这是我为基本测试创建的一个简单语法文件：

root ::= answer
answer ::= "{"   ws   ""id":"   ws   number   ","   ws   ""name":"   ws   string   "}"
answerlist ::= "[]" | "["   ws   answer   (","   ws   answer)*   "]"
string ::= """   ([^"]*)   """
boolean ::= "true" | "false"
ws ::= [ tn]*
number ::= [0-9]+   "."?   [0-9]*
stringlist ::= "["   ws   "]" | "["   ws   string   (","   ws   string)*   ws   "]"
numberlist ::= "["   ws   "]" | "["   ws   string   (","   ws   number)*   ws   "]"

它更难理解，但是，可以从更容易理解的模式定义开始。如下所示：

interface answer {
    id: number;
    name: string;
}

接下来将模式粘贴到这个在线工具以自动生成语法文件 - 省去很多麻烦。

现在，有了一个语法文件并准备好插入 Llama.cpp。有关在你的计算机上本地运行的设置的更多详细信息，请参阅存储库。

## start with a prompt
 ./main -m ./models/Mistral-7B-Instruct-v0.1-Q8.gguf -n 256 — grammar-file grammars/answer.gbnf -p ‘Q: Name the planets in the solar system? A:’
llama_new_context_with_model: n_ctx      = 512
llama_new_context_with_model: freq_base  = 10000.0
llama_new_context_with_model: freq_scale = 1
llama_new_context_with_model: kv self size  =   64.00 MB
llama_new_context_with_model: compute buffer total size = 79.13 MB
llama_new_context_with_model: VRAM scratch buffer: 73.00 MB
llama_new_context_with_model: total VRAM used: 73.00 MB (model: 0.00 MB, context: 73.00 MB)

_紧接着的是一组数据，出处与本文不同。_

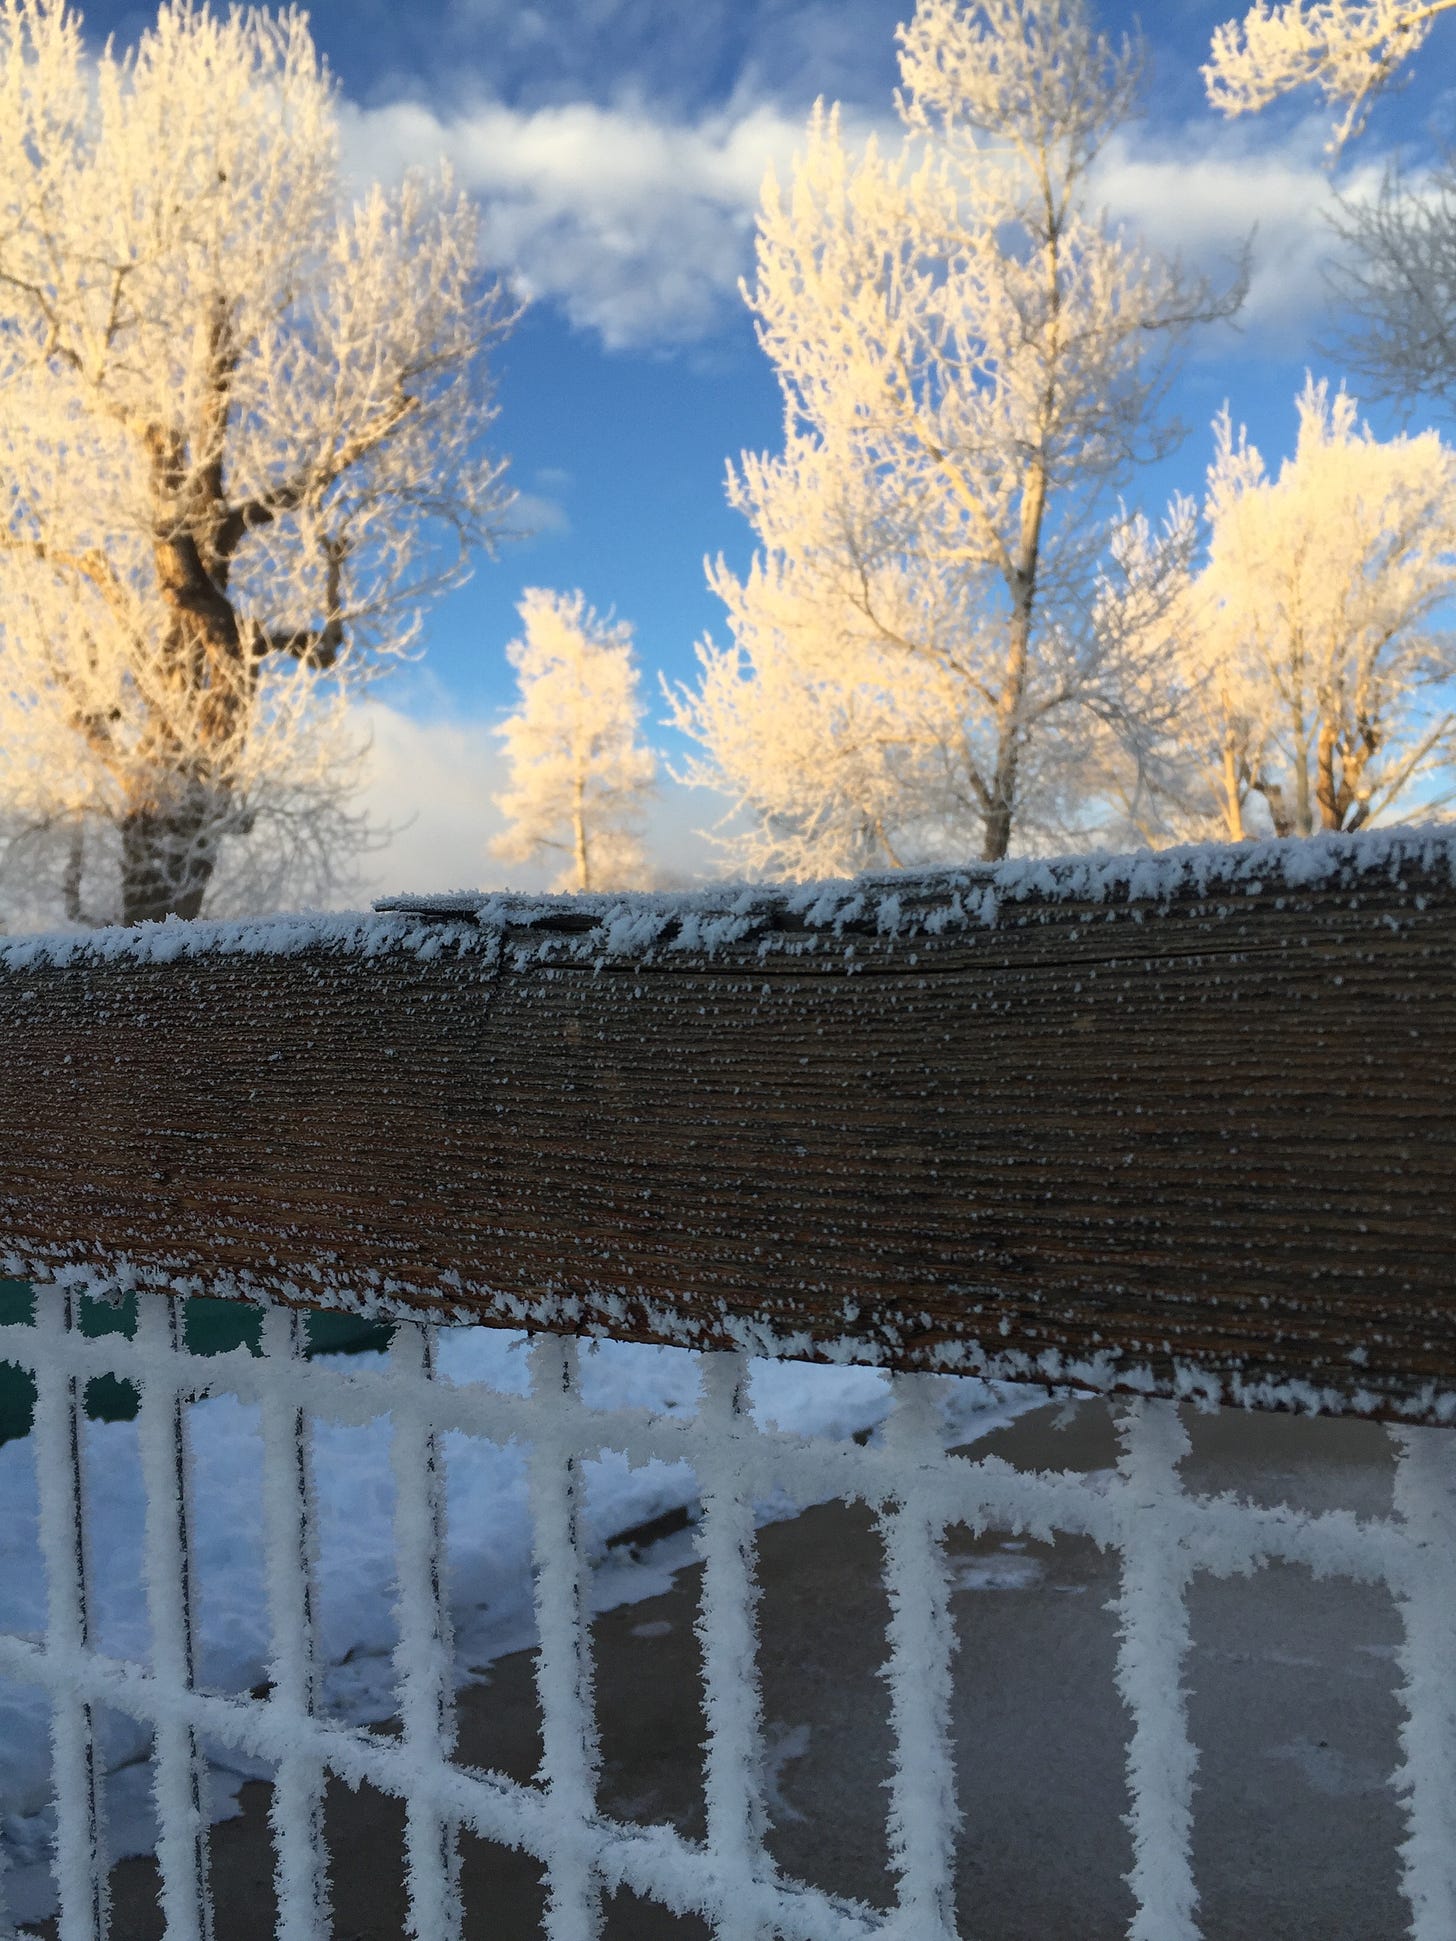 Blue sky and clouds behind frost covered tree branches and frost-covered fence wire.
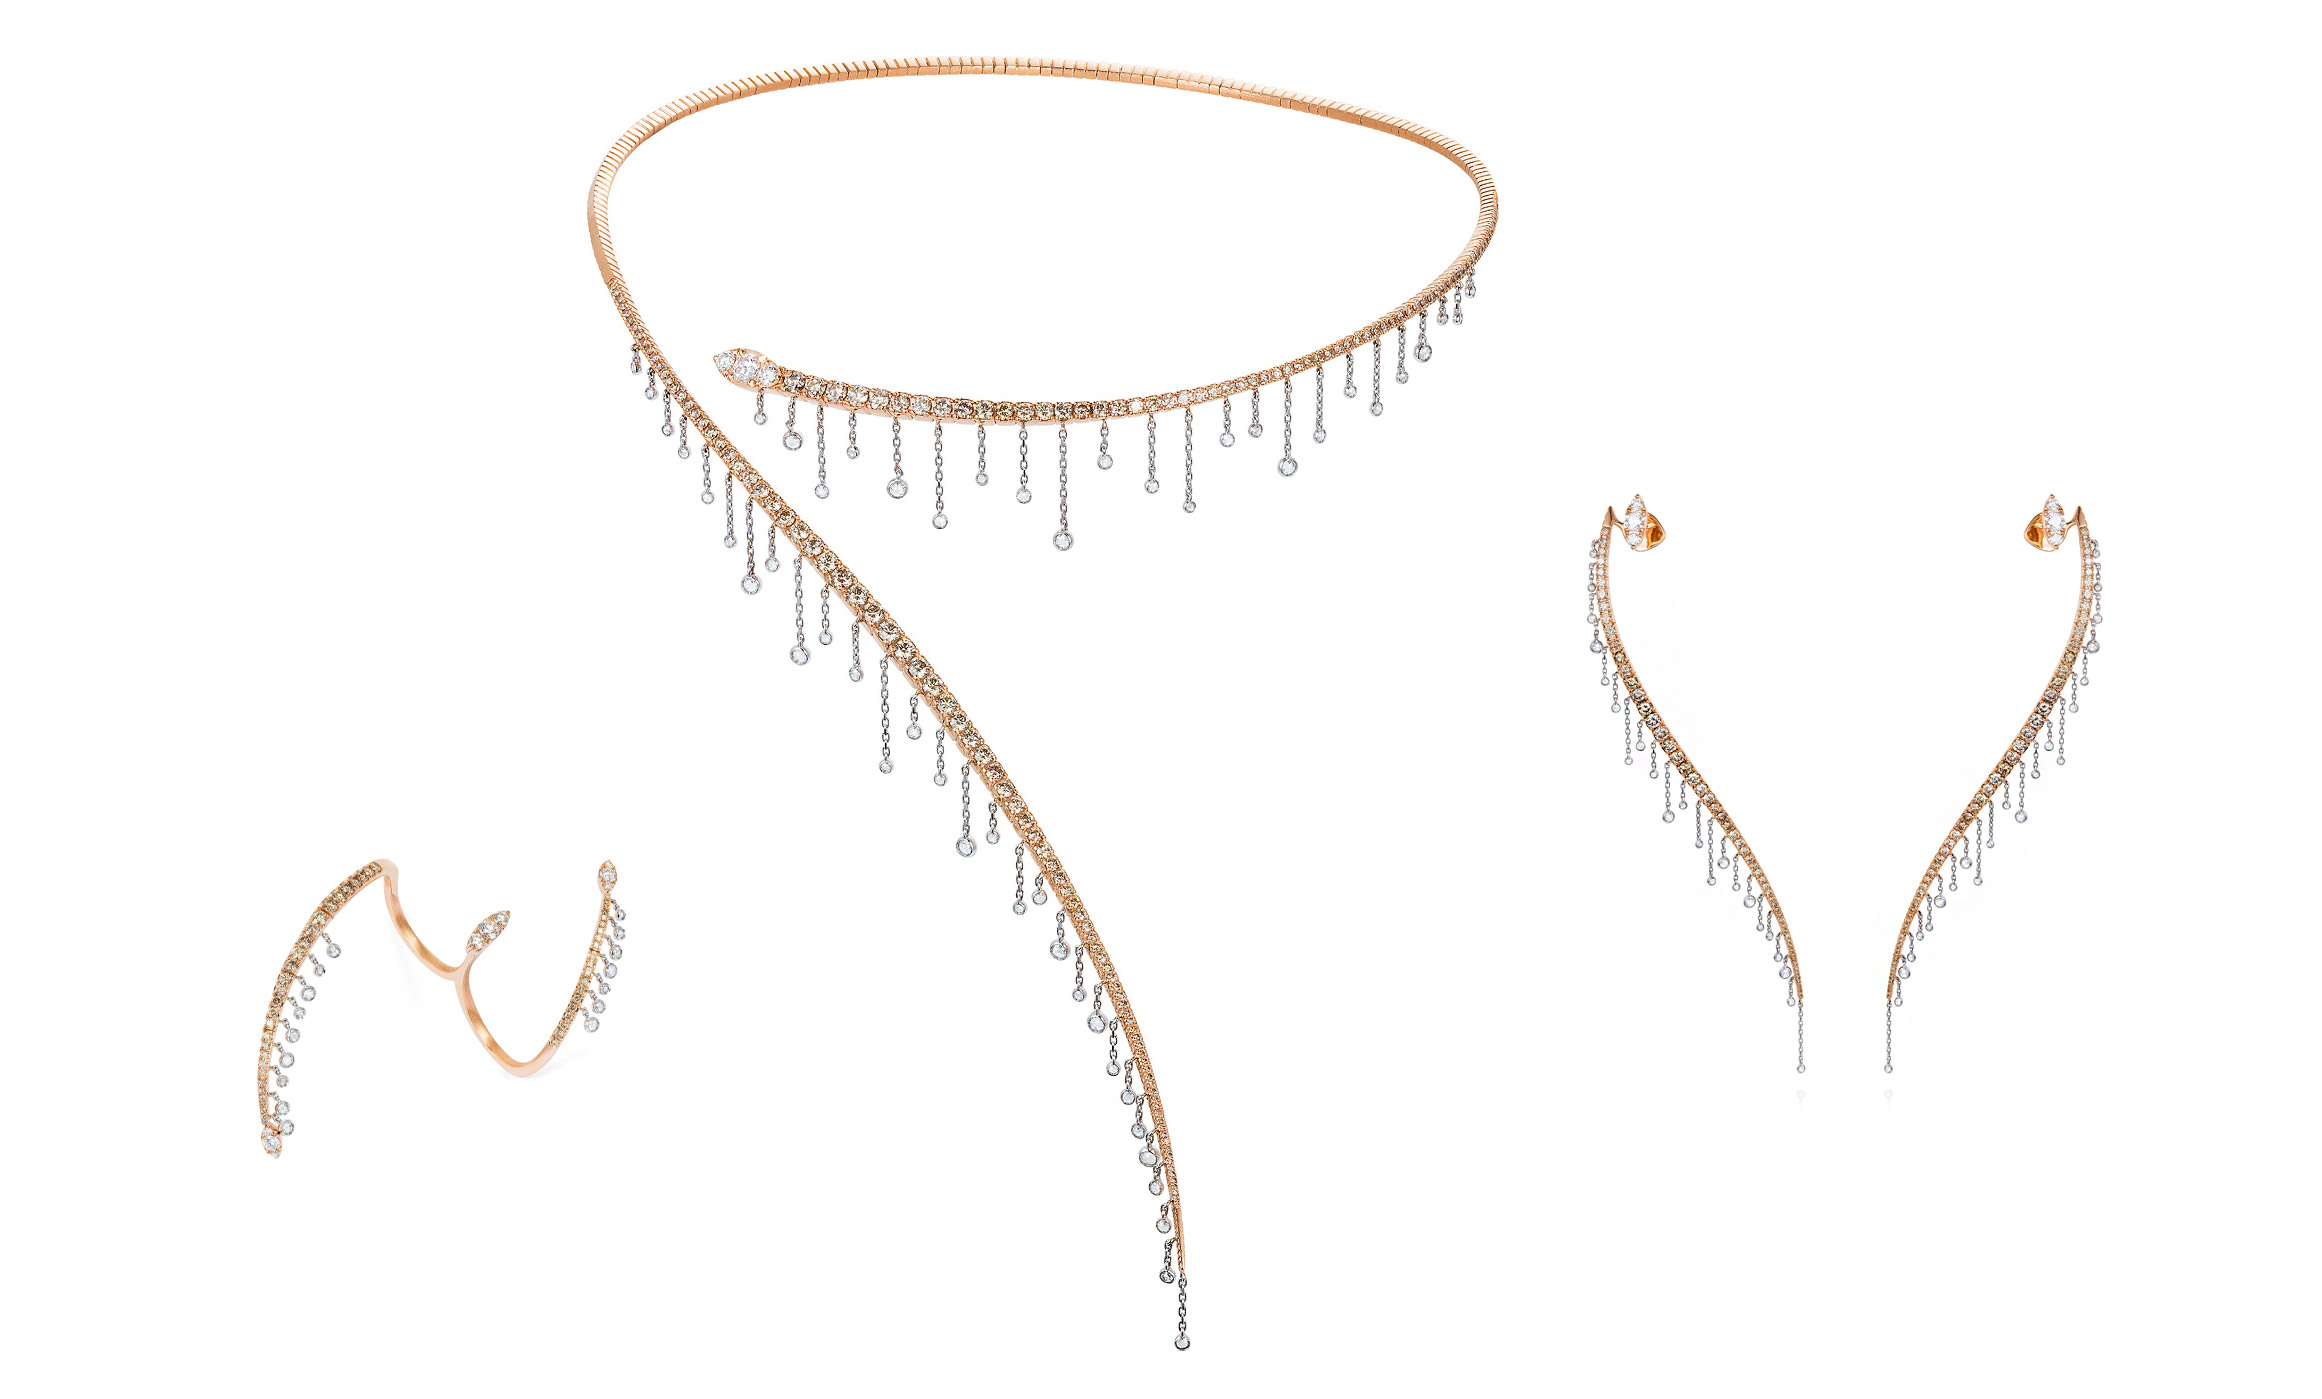 Rose gold and diamonds earrings, flexible necklace and a ring from Mike Joseph Waterfall collection

system_info: n_threads = 8 / 16 | AVX = 1 | AVX2 = 1 | AVX512 = 0 | AVX512_VBMI = 0 | AVX512_VNNI = 0 | FMA = 1 | NEON = 0 | ARM_FMA = 0 | F16C = 1 | FP16_VA = 0 | WASM_SIMD = 0 | BLAS = 1 | SSE3 = 1 | SSSE3 = 1 | VSX = 0 | 
sampling: 
 repeat_last_n = 64, repeat_penalty = 1.100, frequency_penalty = 0.000, presence_penalty = 0.000
 top_k = 40, tfs_z = 1.000, top_p = 0.950, typical_p = 1.000, temp = 0.800
 mirostat = 0, mirostat_lr = 0.100, mirostat_ent = 5.000
generate: n_ctx = 512, n_batch = 512, n_predict = 256, n_keep = 0

## response
Q: Name the planets in the solar system? A:{ "id": 1, "name": "Mercury"} [end of text]

llama_print_timings:        load time =     845.86 ms
llama_print_timings:      sample time =     157.01 ms /    16 runs   (    9.81 ms per token,   101.91 tokens per second)
llama_print_timings: prompt eval time =     649.35 ms /    13 tokens (   49.95 ms per token,    20.02 tokens per second)
llama_print_timings:        eval time =    3280.48 ms /    15 runs   (  218.70 ms per token,     4.57 tokens per second)
llama_print_timings:       total time =    4104.05 ms
Log end

搞定！结果是合法的 json对象 {"id"：1，"name"："Mercury"} 。

因此，语法可以灵活地创建复杂的对象。这是我第二次尝试创建收据模式和语法文件。

## Receipt Type Definitions using Typescript.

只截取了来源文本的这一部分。